● **Work task**: Required from the data below: the exact lines starting at the line containing "Косметика ателье где" and ending at the line containing "遠えサークル岸七色 お風呂のせっけん 柿渋(無添加石鹸) 100g×3個入", with both ends kept and all pictures dropped.

[[ Supplied records open ]]

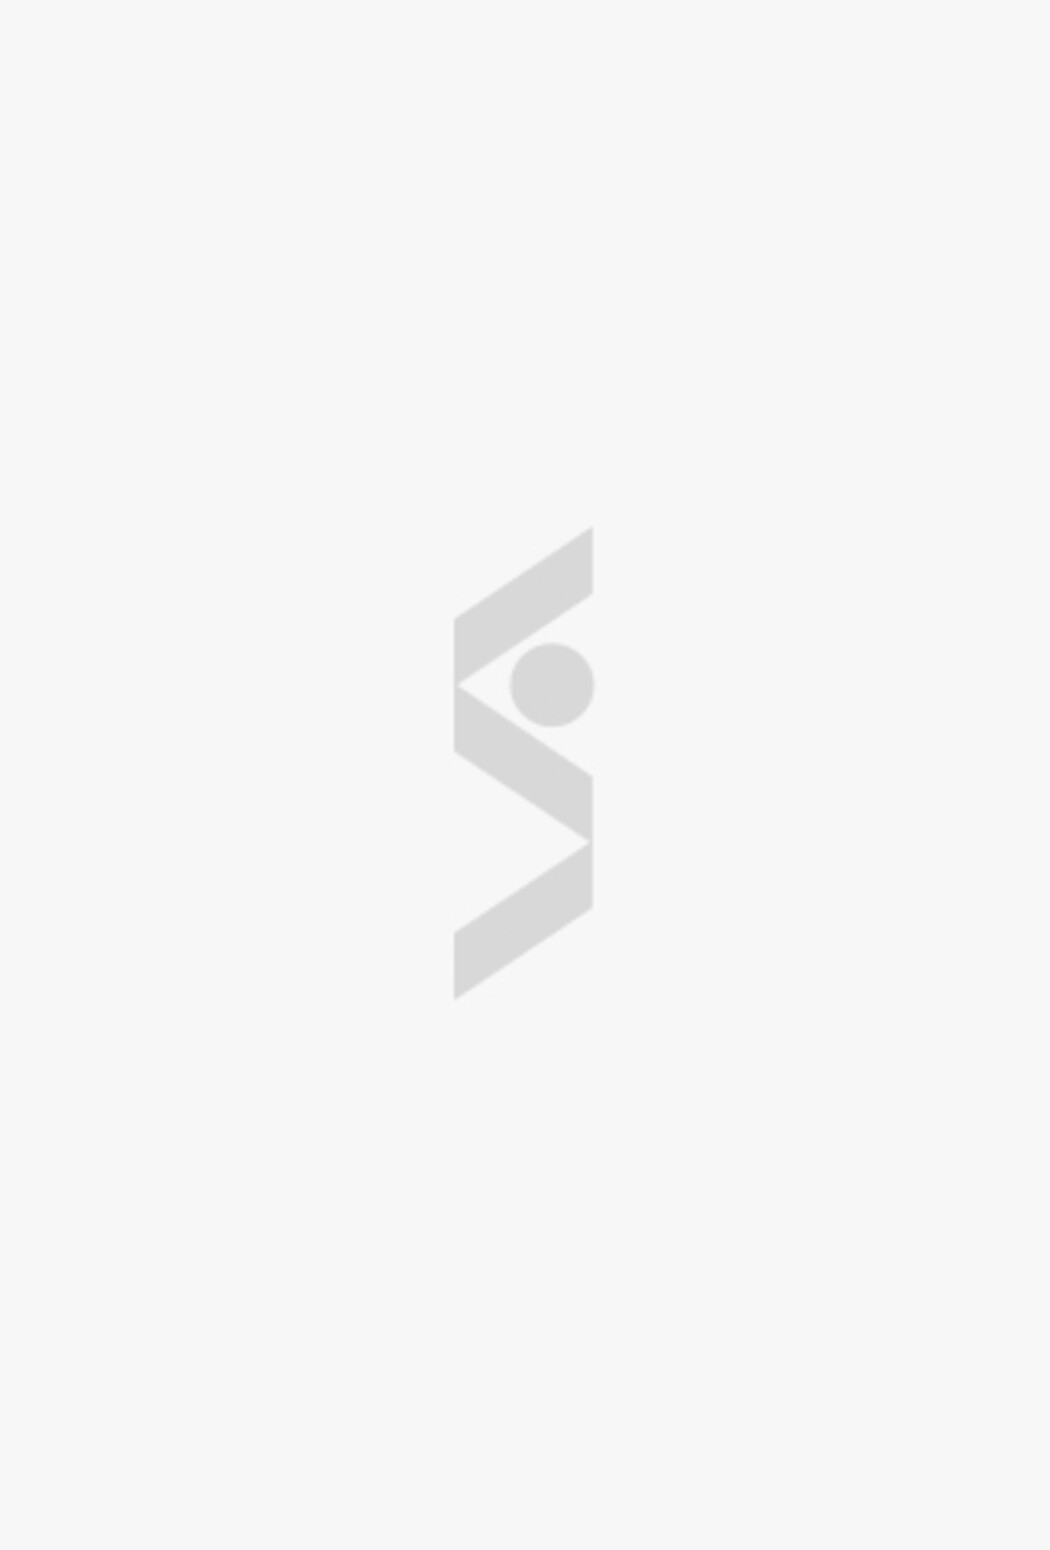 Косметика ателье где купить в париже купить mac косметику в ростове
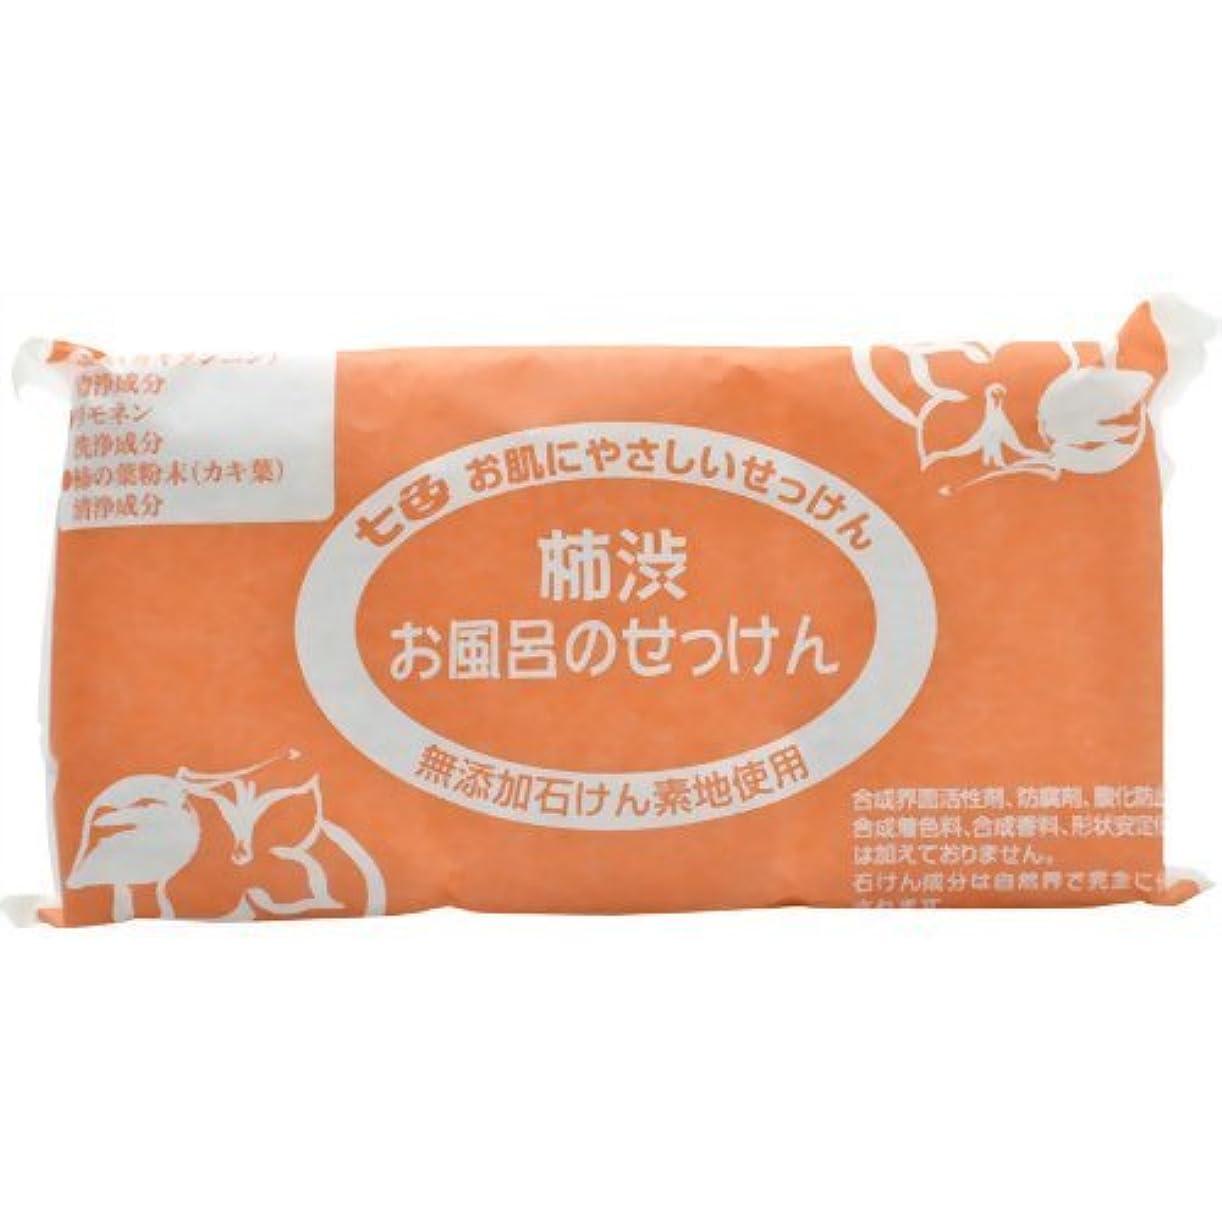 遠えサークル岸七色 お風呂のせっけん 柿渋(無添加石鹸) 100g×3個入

[[ Supplied records closed ]]
[[ Supplied records open ]]

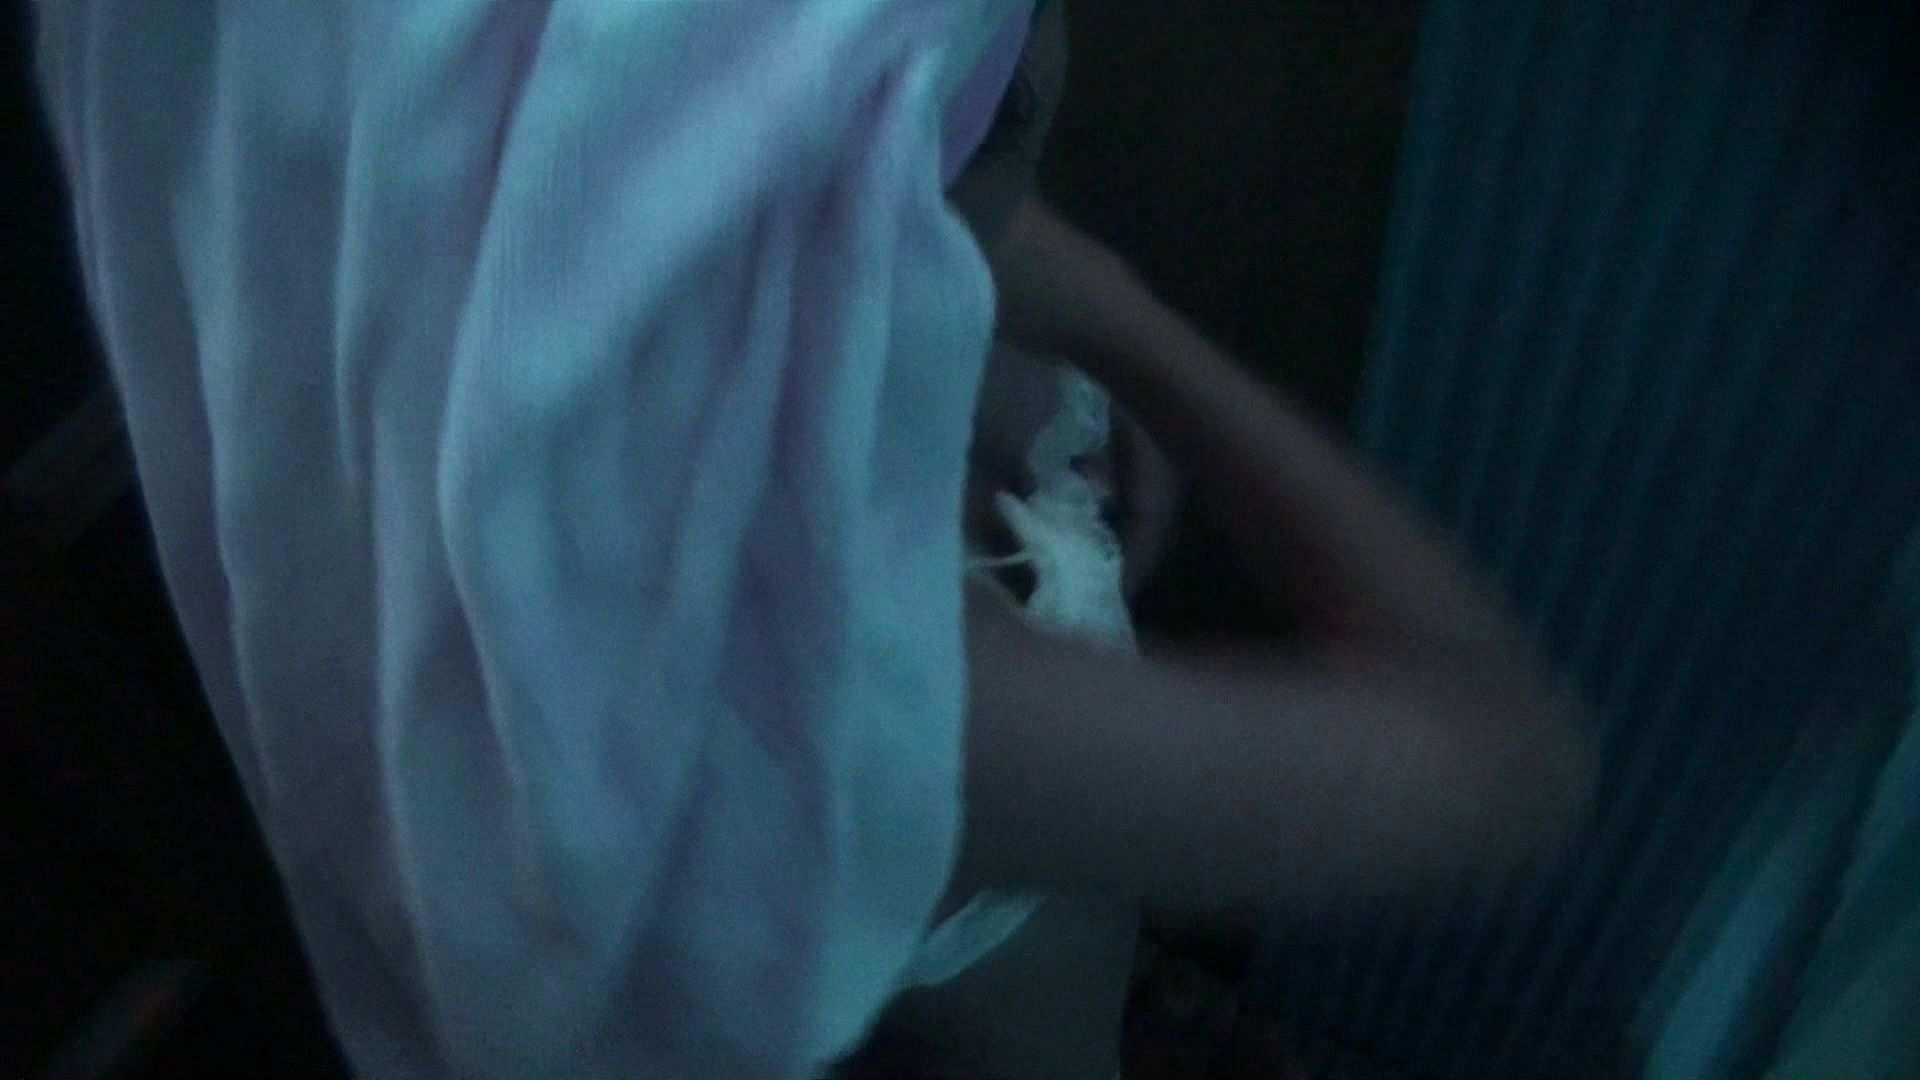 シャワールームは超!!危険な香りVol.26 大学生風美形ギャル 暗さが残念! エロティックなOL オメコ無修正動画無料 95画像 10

[[ Supplied records closed ]]

● **Answer for the task**:
 Косметика ателье где купить в париже купить mac косметику в ростове
 遠えサークル岸七色 お風呂のせっけん 柿渋(無添加石鹸) 100g×3個入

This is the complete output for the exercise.